On 23/04/2021, 14:46, "Benjamin Lerer" <b.lerer@gmail.com> wrote:

    Hi everybody,

    Thanks for all the responses. I went through the emails and aggregated the
    proposals to give us an idea on where we stand at this point.

    I only included the improvements in the list and left on the side the bug
    fixes.
    Regarding bug fixes, I wonder if we should not have discussions every month
    to discuss what are the important issues that should be fixed in priority.
    I feel that we sometimes tend to forget old issues even if they are more
    important than some new ones.

    Do not hesitate to tell me if I missed something or misinterpreted some
    proposal.

    *Query side improvements:*

      * Storage Attached Index or SAI. The CEP can be found at
    https://cwiki.apache.org/confluence/display/CASSANDRA/CEP-7%3A+Storage+Attached+Index
                
      * Add support for OR predicates in the CQL where clause
      * Allow to aggregate by time intervals (CASSANDRA-11871) and allow UDFs
    in GROUP BY clause
      * Ability to read the TTL and WRITE TIME of an element in a collection
    (CASSANDRA-8877)
      * Multi-Partition LWTs
      * Materialized views hardening: Addressing the different Materialized
    Views issues (see CASSANDRA-15921 and [1] for some of the work involved)

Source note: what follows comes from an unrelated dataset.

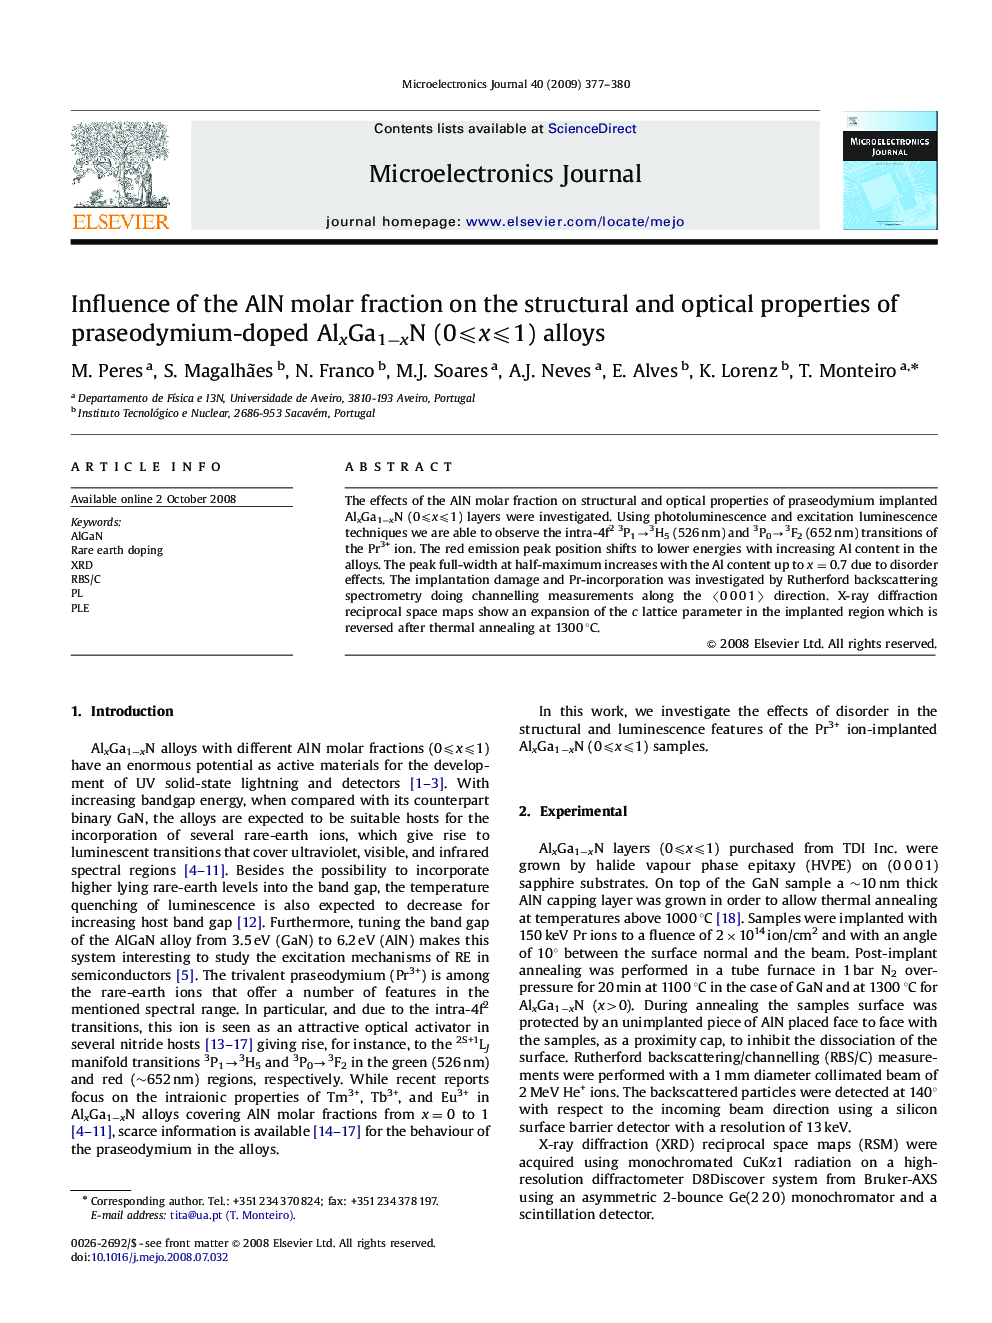 Influence of the AlN molar fraction on the structural and optical properties of praseodymium-doped AlxGa1−xN (0⩽x⩽1) alloys

    *Security improvements:*

      * SSTables encryption (CASSANDRA-9633)
      * Add support for Dynamic Data Masking (CEP pending)
      * Allow the creation of roles that have the ability to assign arbitrary
    privileges, or scoped privileges without also granting those roles access
    to database objects.
      * Filter rows from system and system_schema based on users permissions
    (CASSANDRA-15871)

    *Performance improvements:*

      * Trie-based index format (CEP pending)
      * Trie-based memtables (CEP pending)
      * Paxos improvements: Paxos / LWT implementation that would enable the
    database to serve serial writes with two round-trips and serial reads with
    one round-trip in the uncontended case

    *Safety/Usability improvements:*

      * Guardrails. The CEP can be found at
    https://cwiki.apache.org/confluence/display/CASSANDRA/%28DRAFT%29+-+CEP-3%3A+Guardrails
                
      * Add ability to track state in repair (CASSANDRA-15399)
      * Repair coordinator improvements (CASSANDRA-15399)
      * Make incremental backup configurable per keyspace and table
    (CASSANDRA-15402)
      * Add ability to blacklist a CQL partition so all requests are ignored
    (CASSANDRA-12106)
      * Add default and required keyspace replication options (CASSANDRA-14557)
      * Transactional Cluster Metadata: Use of transactions to propagate
    cluster metadata
      * Downgrade-ability: Ability to downgrade to downgrade in the event that
    a serious issue has been identified

    *Pluggability improvements:*

      * Pluggable schema manager (CEP pending)
      * Pluggable filesystem (CEP pending)
      * Pluggable authenticator for CQLSH (CASSANDRA-16456). A CEP draft can be
    found at
    https://docs.google.com/document/d/1_G-OZCAEmDyuQuAN2wQUYUtZBEJpMkHWnkYELLhqvKc/edit
                
      * Memtable API (CEP pending). The goal being to allow improvements such
    as CASSANDRA-13981 to be easily plugged into Cassandra

    *Memtable pluggable implementation:*

      * Enable Cassandra for Persistent Memory (CASSANDRA-13981)

    *Other tools:*

      * CQL compatibility test suite (CEP pending)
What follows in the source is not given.